> _Task to carry out_
At the line containing "Colorful Delta Kite", begin an exact copy of the lines below and continue through the final one, with no pictures.

> _Information shown_
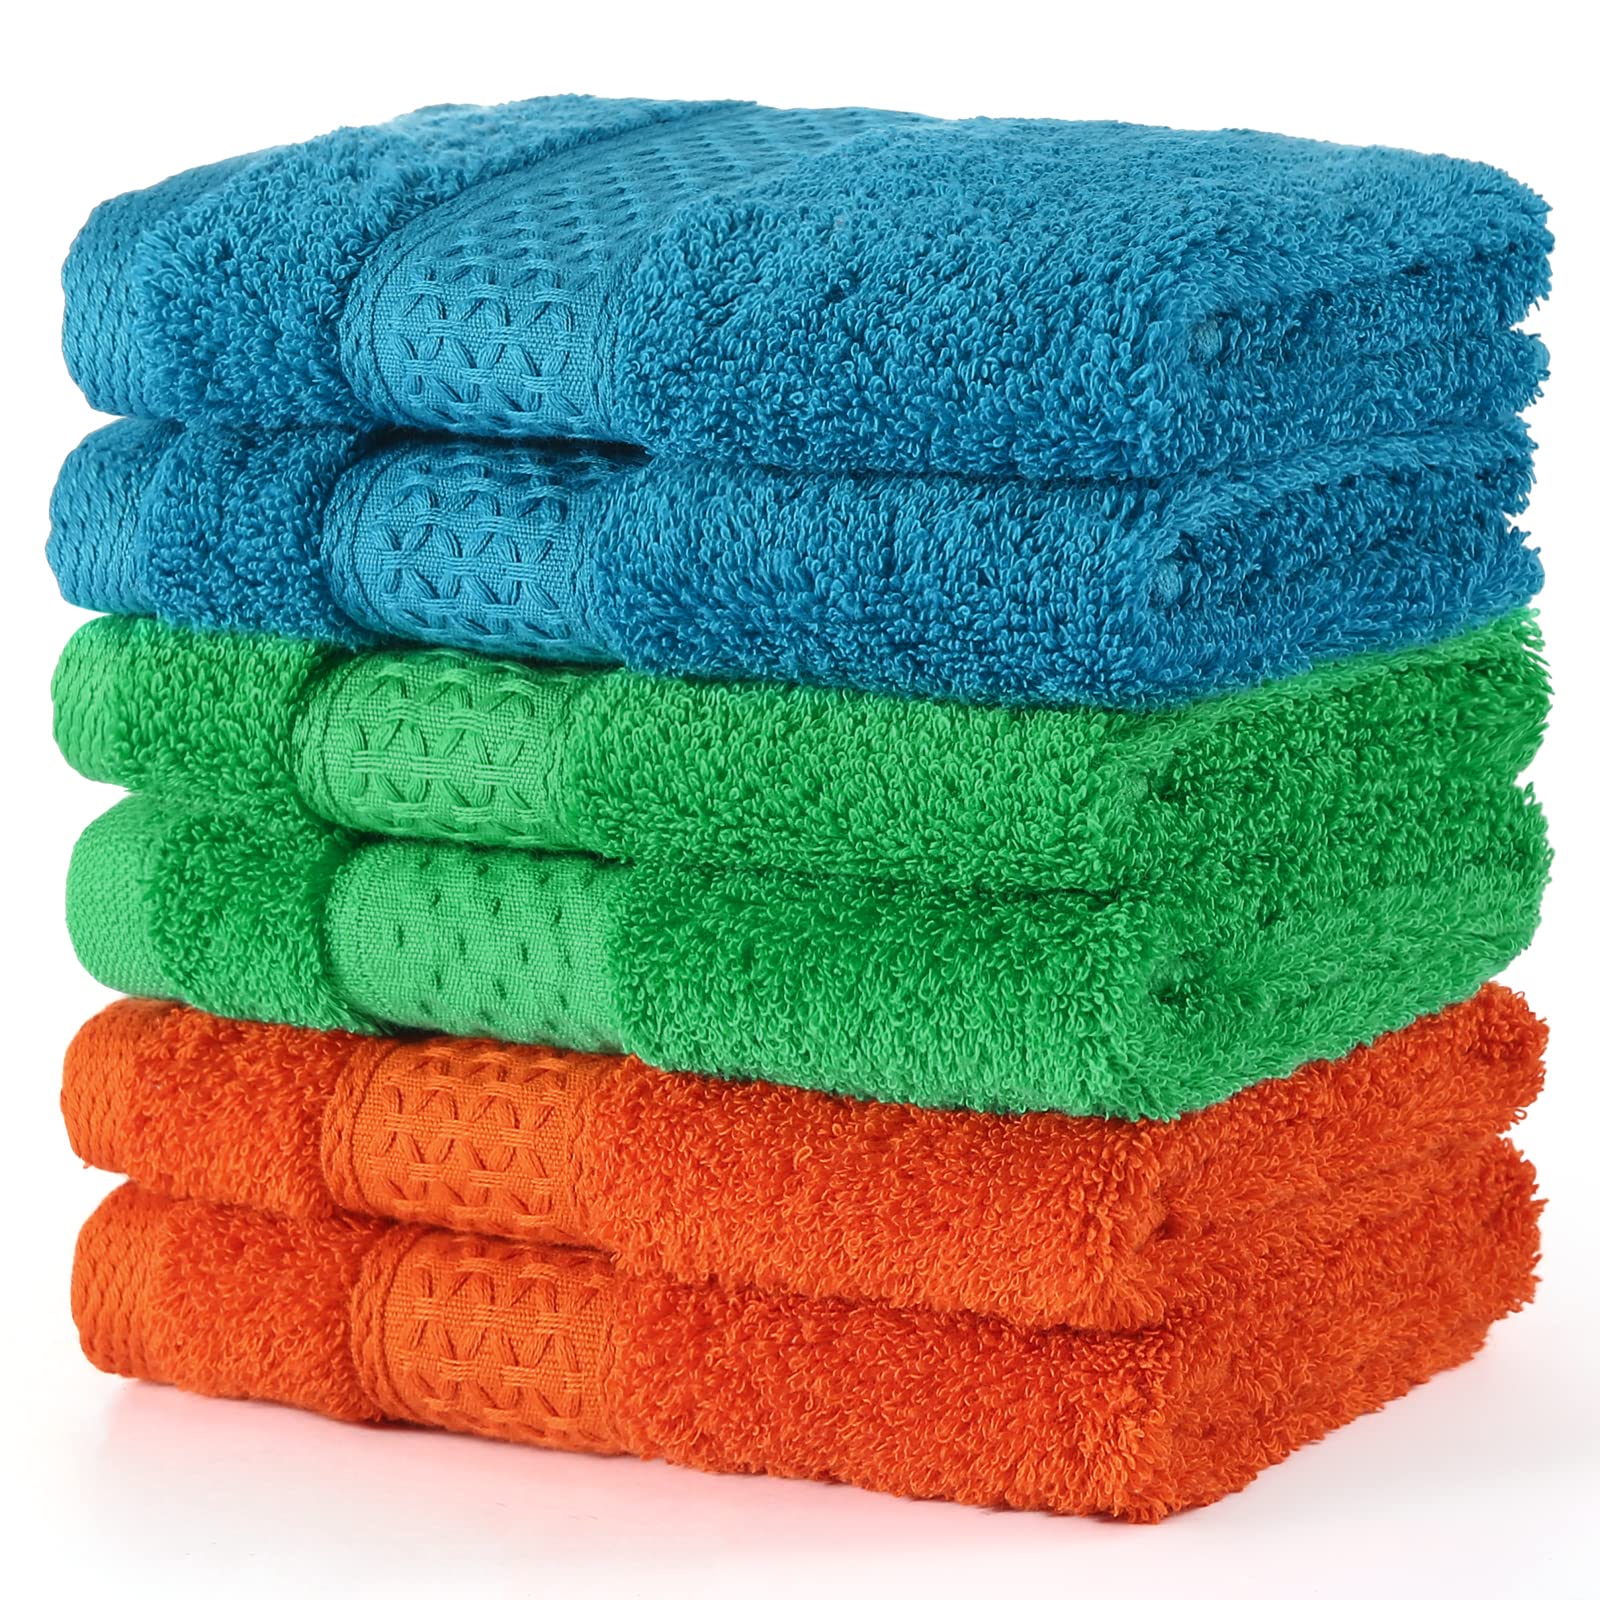 Chiicol Cotton Wash Cloths Absorbent Bath Washcloths for Body and
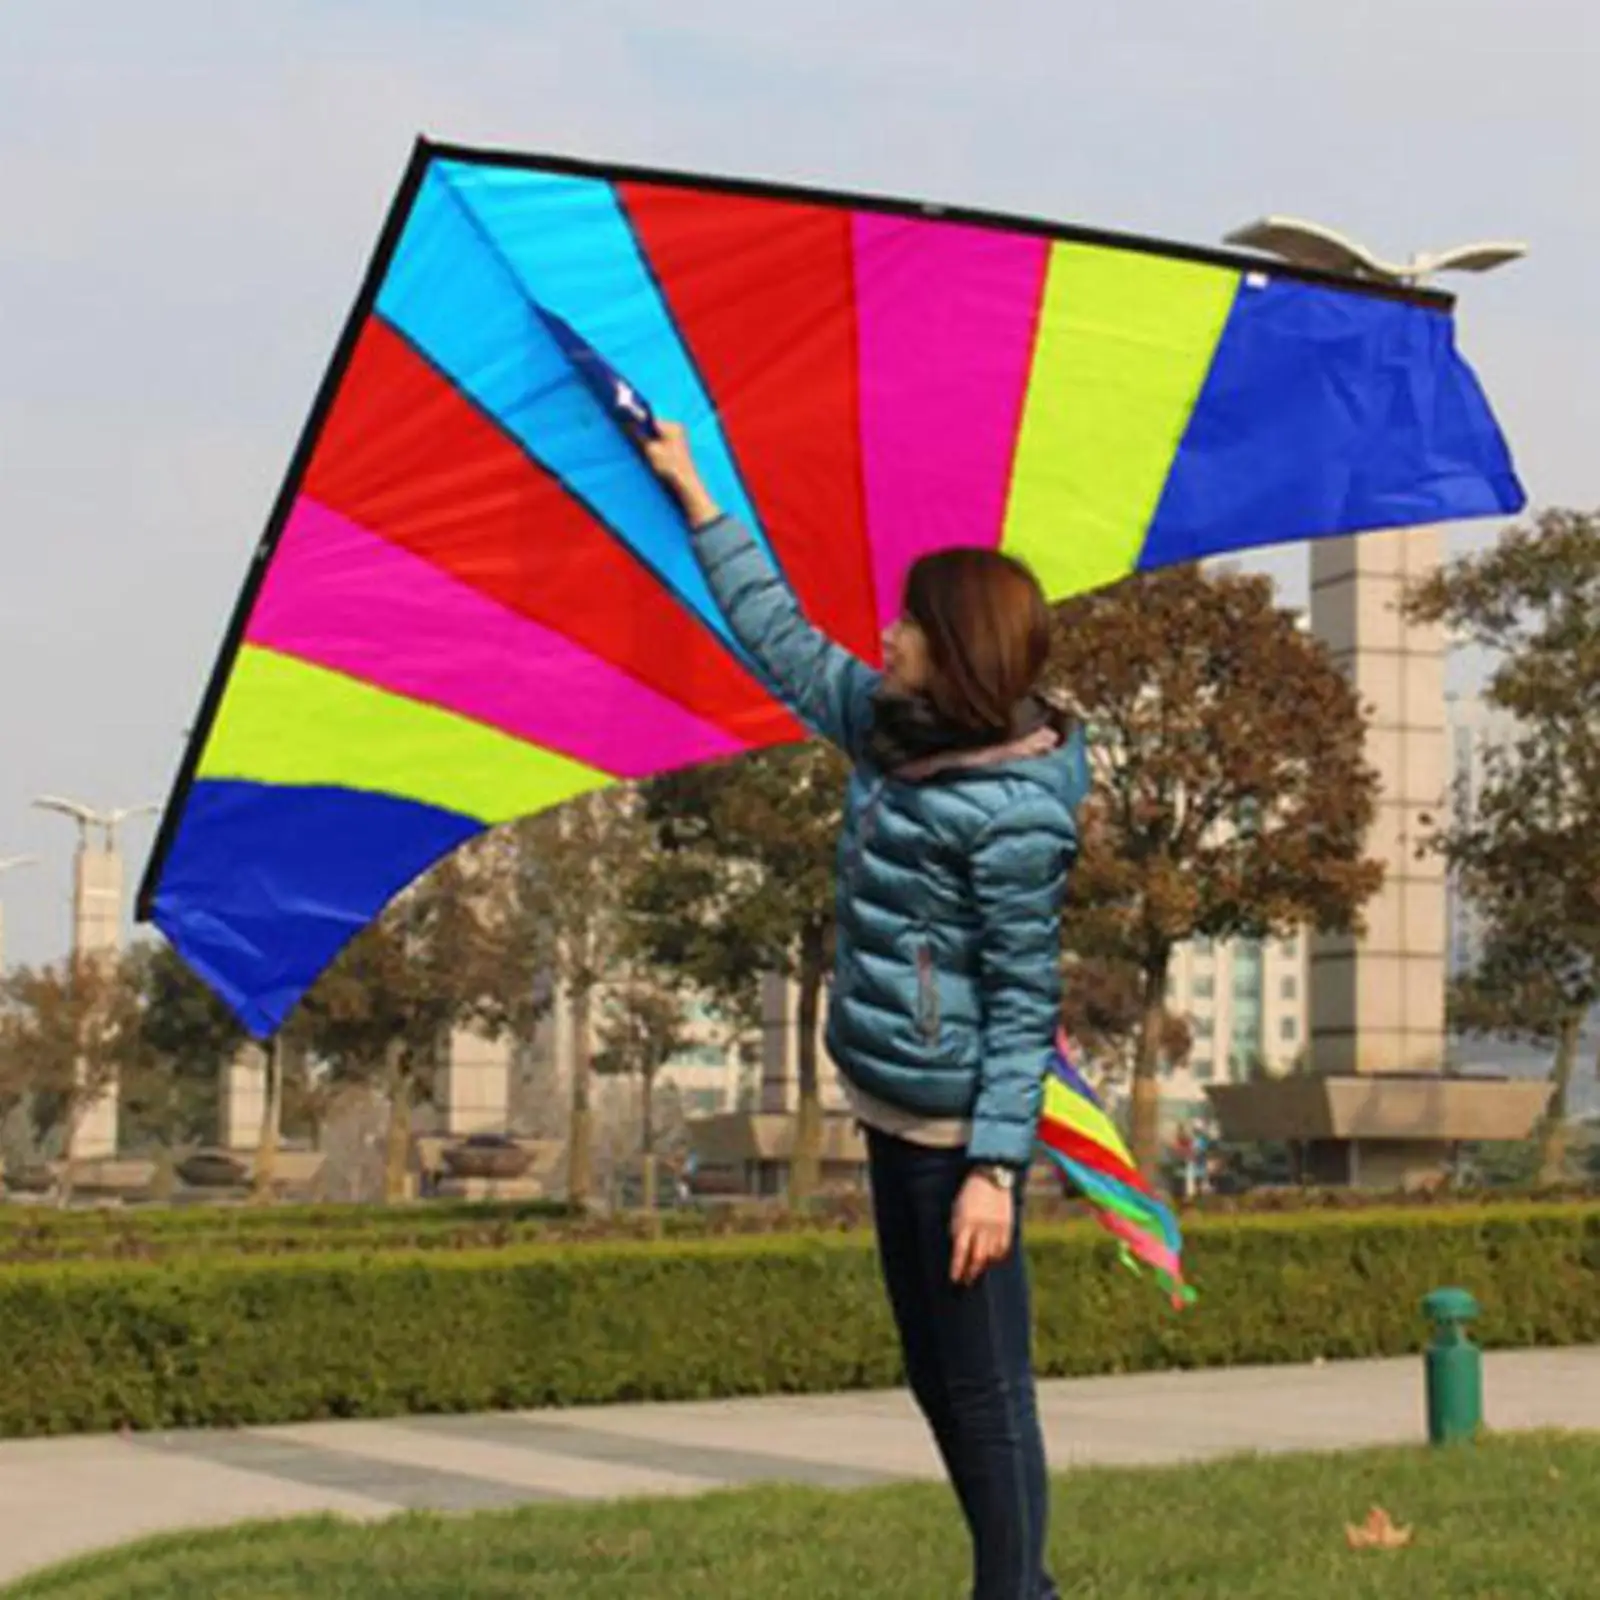 Colorful Delta Kite with Tail Huge Triangle Kite Single for Family Trips Activities Kids Adults
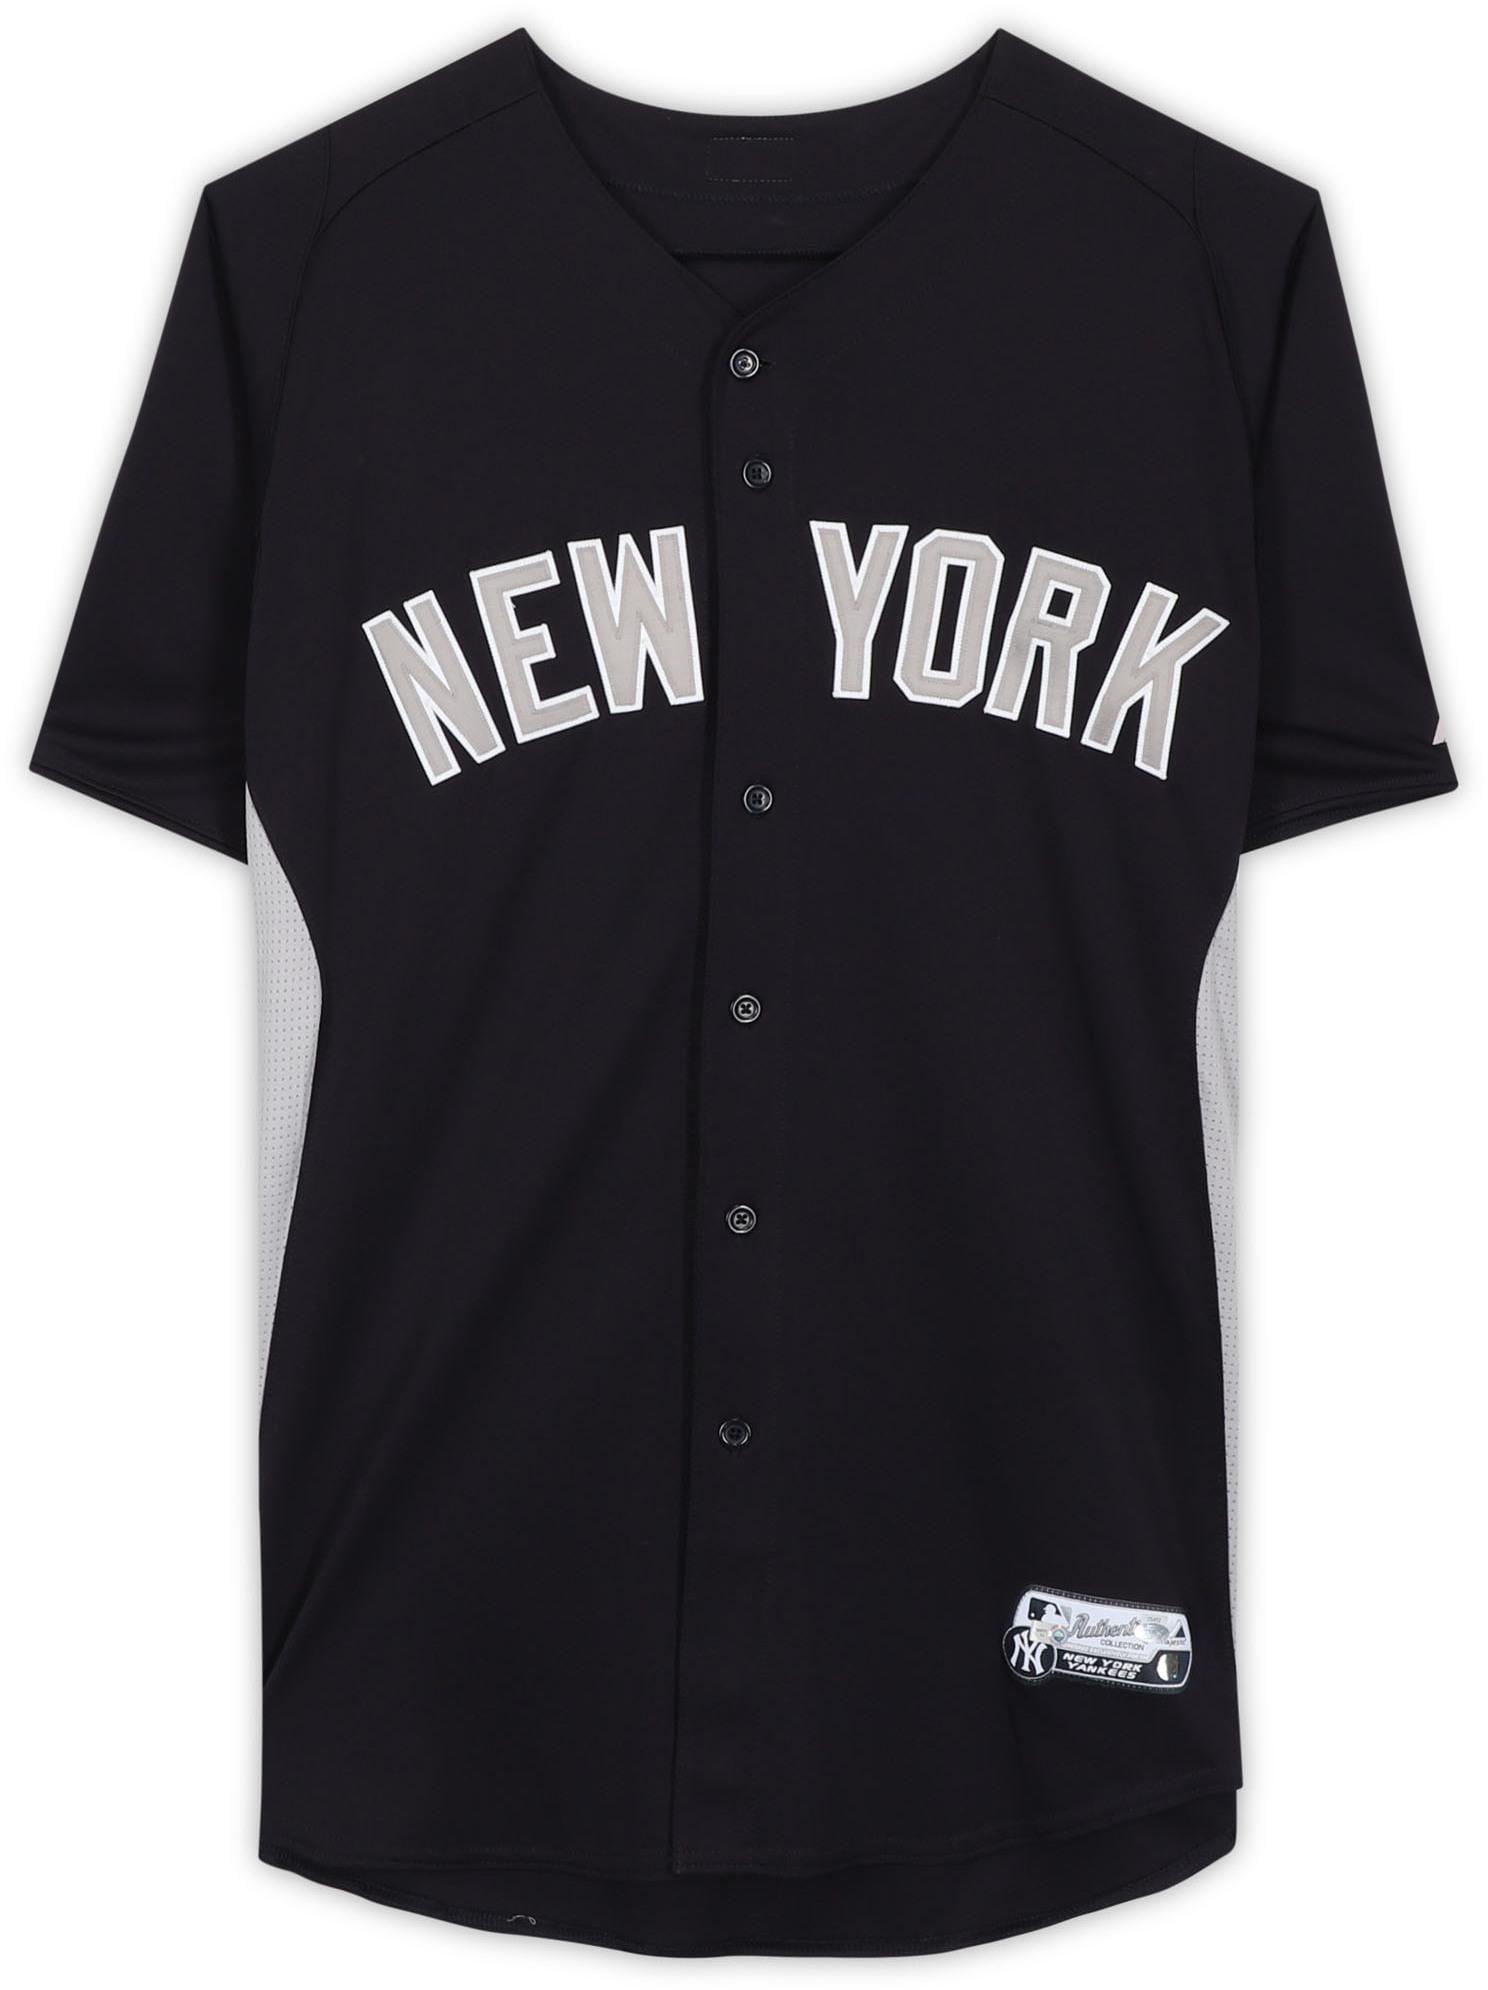 New York Yankees Team-Issued #71 Navy Jersey from the 2011 MLB Season ...

> _Written answer_
 Colorful Delta Kite with Tail Huge Triangle Kite Single for Family Trips Activities Kids Adults
 New York Yankees Team-Issued #71 Navy Jersey from the 2011 MLB Season ...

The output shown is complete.